Each instructor recognized the range of prior experiences that the student writers bring to the composing situation, animating and attributing some decisions of the writer to their lives outside of the classroom. This plays out as Thomas contextualizes Tina as a multilingual writer and international student, understanding those identity categories as strengths that she brings to the assignment and her critique of the advertisement she selected. By allowing for this type of criticism, and recognizing it, both Thomas and Leah have fostered a classroom that values critical academic literacy in first-year writing, practices that Jennifer S. Wilson explains as recognizing student ideologies and linguistic diversities within the classroom and the constructed nature of those diversities (2). Further, Leah recognizes Lawrence’s veteran status and the composing decisions relative to what she knows about his military background, which may include a breadth of prior learning and training situations and openness to instruction and feedback (Hinton 3).
In addition to shedding light on how these teachers conceptualize voice and evaluate students’ writing, our interviews revealed an additional factor at play in the process of reading student writing: expectations of academic writing, which are an ever-present context in our teacher’s discussions and in their students’ writing. Both teachers talked about the challenge of presenting academic expectations to students and having students negotiate these expectations in light of their own desires as writers.
In our participants’ description of the challenge of negotiating academic expectations and writers’ own desires, we see their struggles with the social-constructivist nature of writing. In the writer-text-reader dynamic triad, a student writer wrestles with social expectations for writing and may shape those expectations in the ways he or she participates in discourse. It is the dynamic nature of this triad that makes entering academic or any discourse difficult to teach, because there is no stable “best way” to write in a given discourse setting, and teachers must enable students to engage in ongoing navigation of their own contributions as writers and the contributions of social forces. All three parts of the triad are in flux: the writer has attitudes about what he or she brings to the page, the course of study brings its own context that shapes how a text is expected to look and function, the teacher-as-reader brings his or her own expectations, and all of these forces change as a writing task or any of its aspects change. Dynamism also occurs through the choices writers make to accept or reject discourse conventions. As Ivanič writes, “In institutions of higher education certain ways of being are privileged by being supported by more powerful groups within the instruction, but they are not monolithic ... There already exist alternative ways of being, and the established possibilities for self-hood are being resisted and contested” (13).
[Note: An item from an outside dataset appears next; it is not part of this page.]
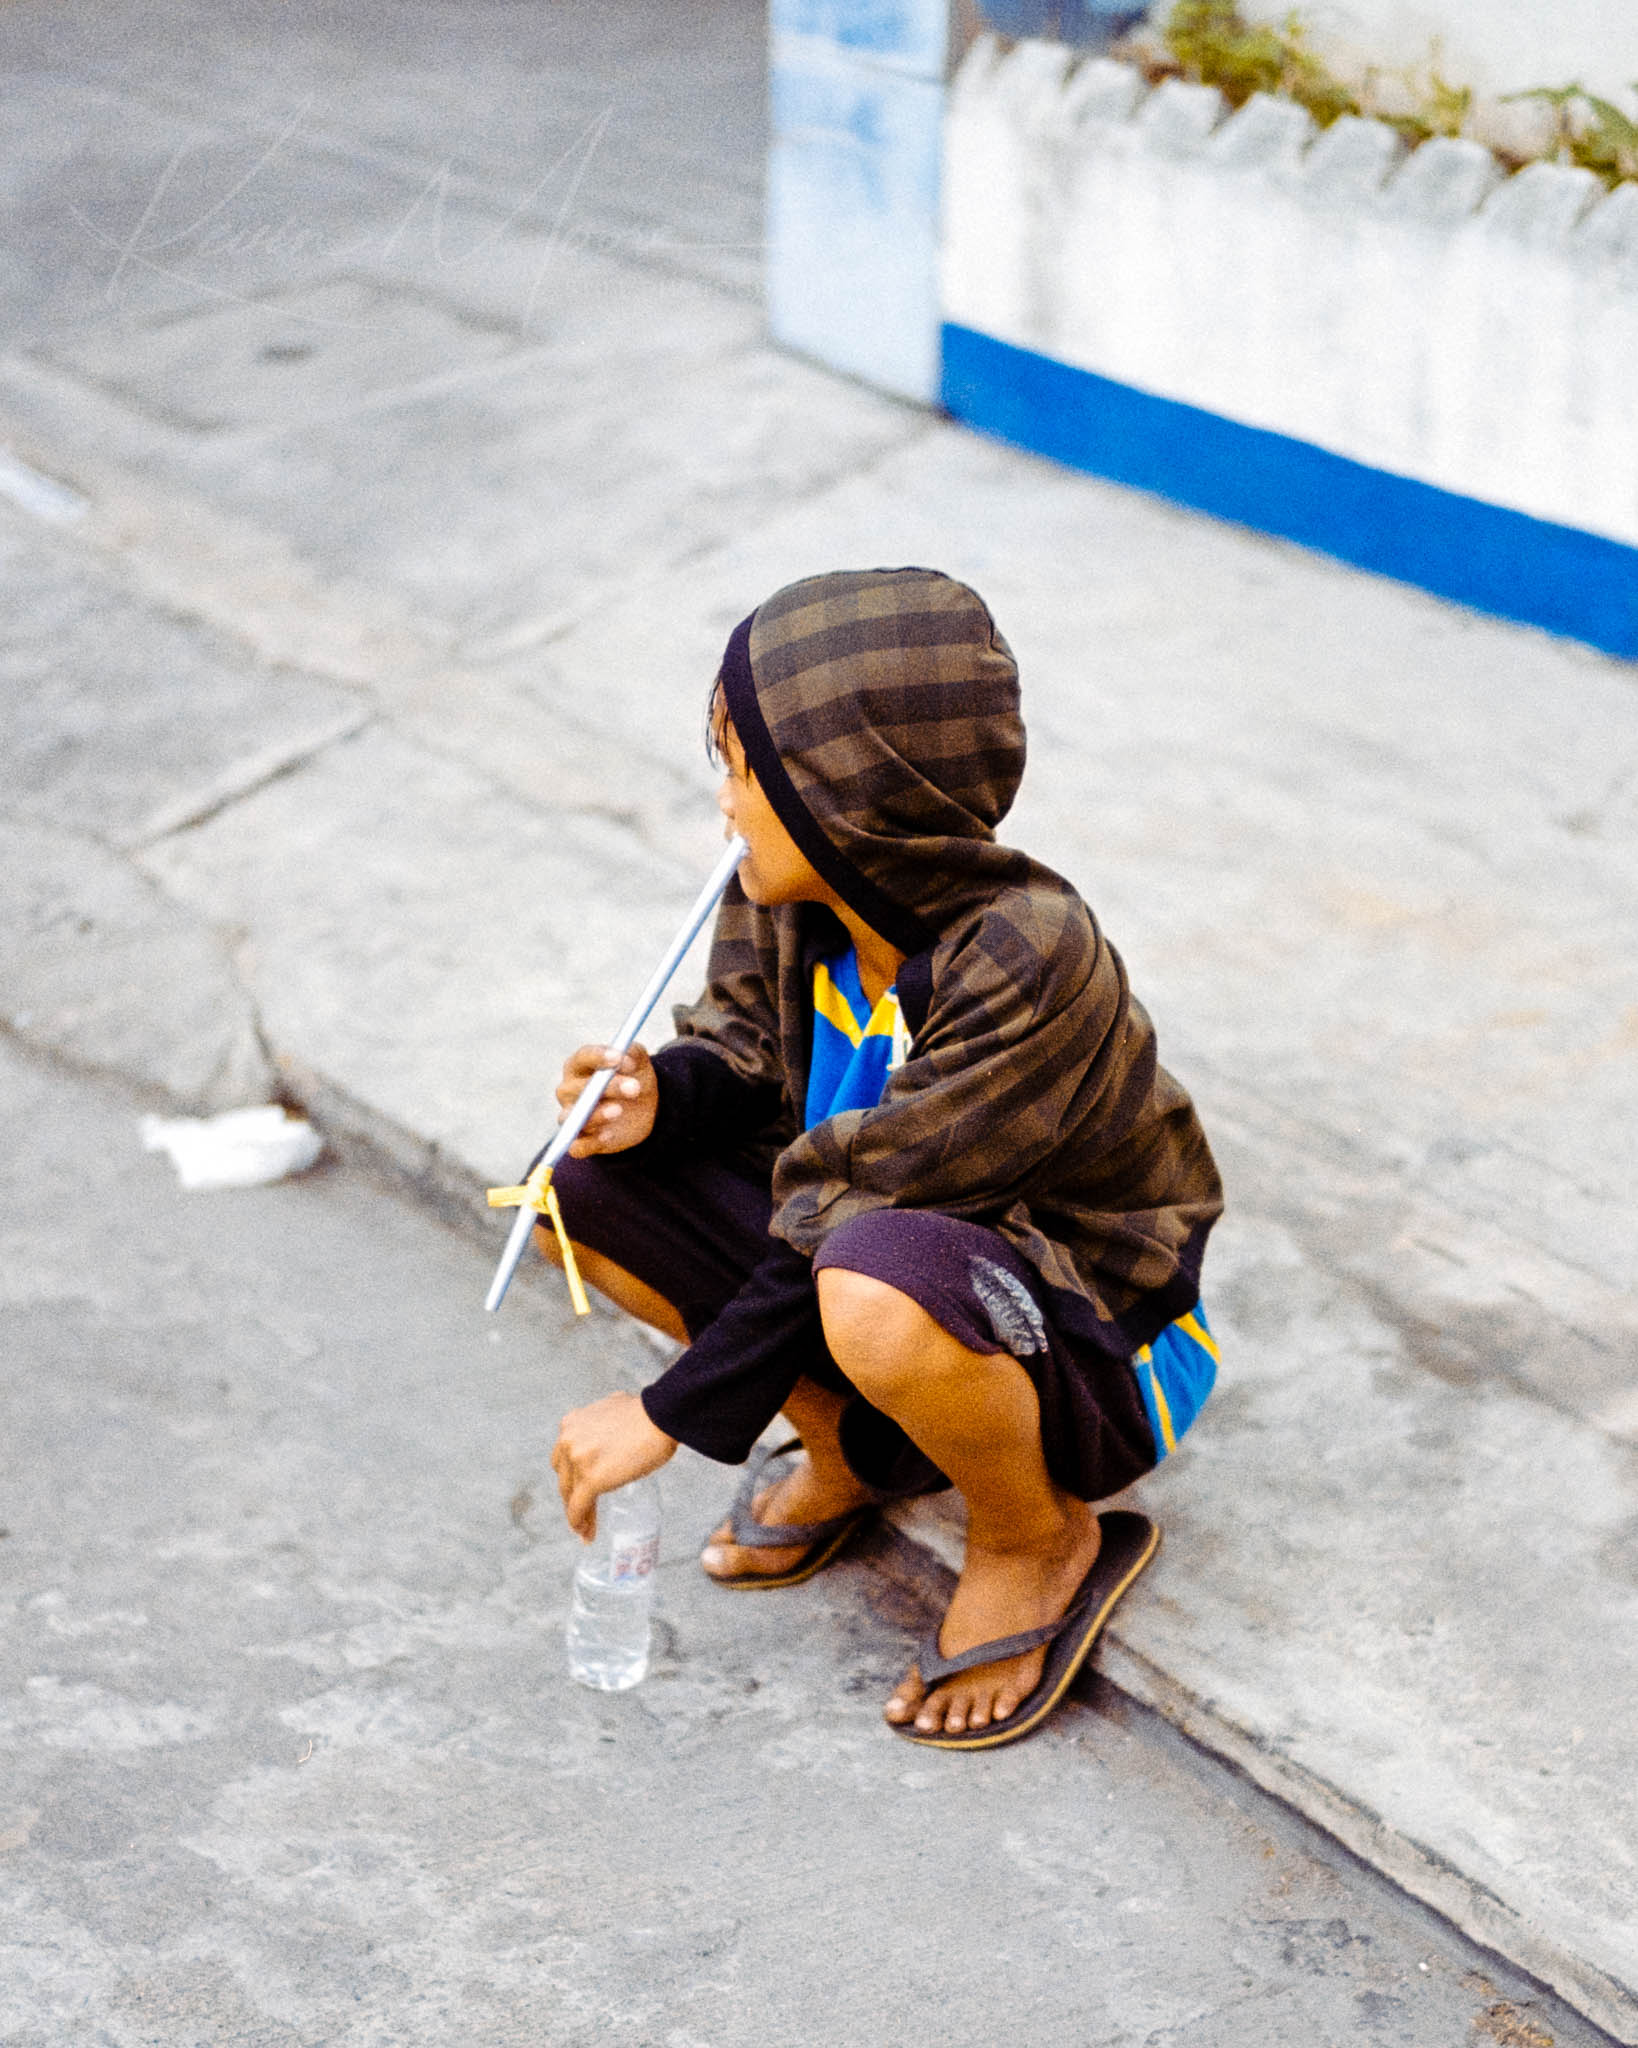 Individual in colorful attire sipping drink on urban sidewalk in thoughtful solitude.

In navigating their “possibilities for self-hood,” Ivanič explains, writers choose among those possibilities that adhere to dominant conventions and those that resist, and contribute to the resistance of, such conventions.
For Leah’s student, negotiation of her personal preferences and of academic conventions occurs in the struggle between Lawrence’s fulfilling his own desires in writing and fulfilling those of his teachers. Leah perceives that Lawrence and other students think teachers want students to say back to them what the teachers have taught, but she explained, “that’s not what I want.” She says she wants Lawrence to think for himself but knows that doing so sometimes contradicts what it means to fulfill an assignment’s expectations.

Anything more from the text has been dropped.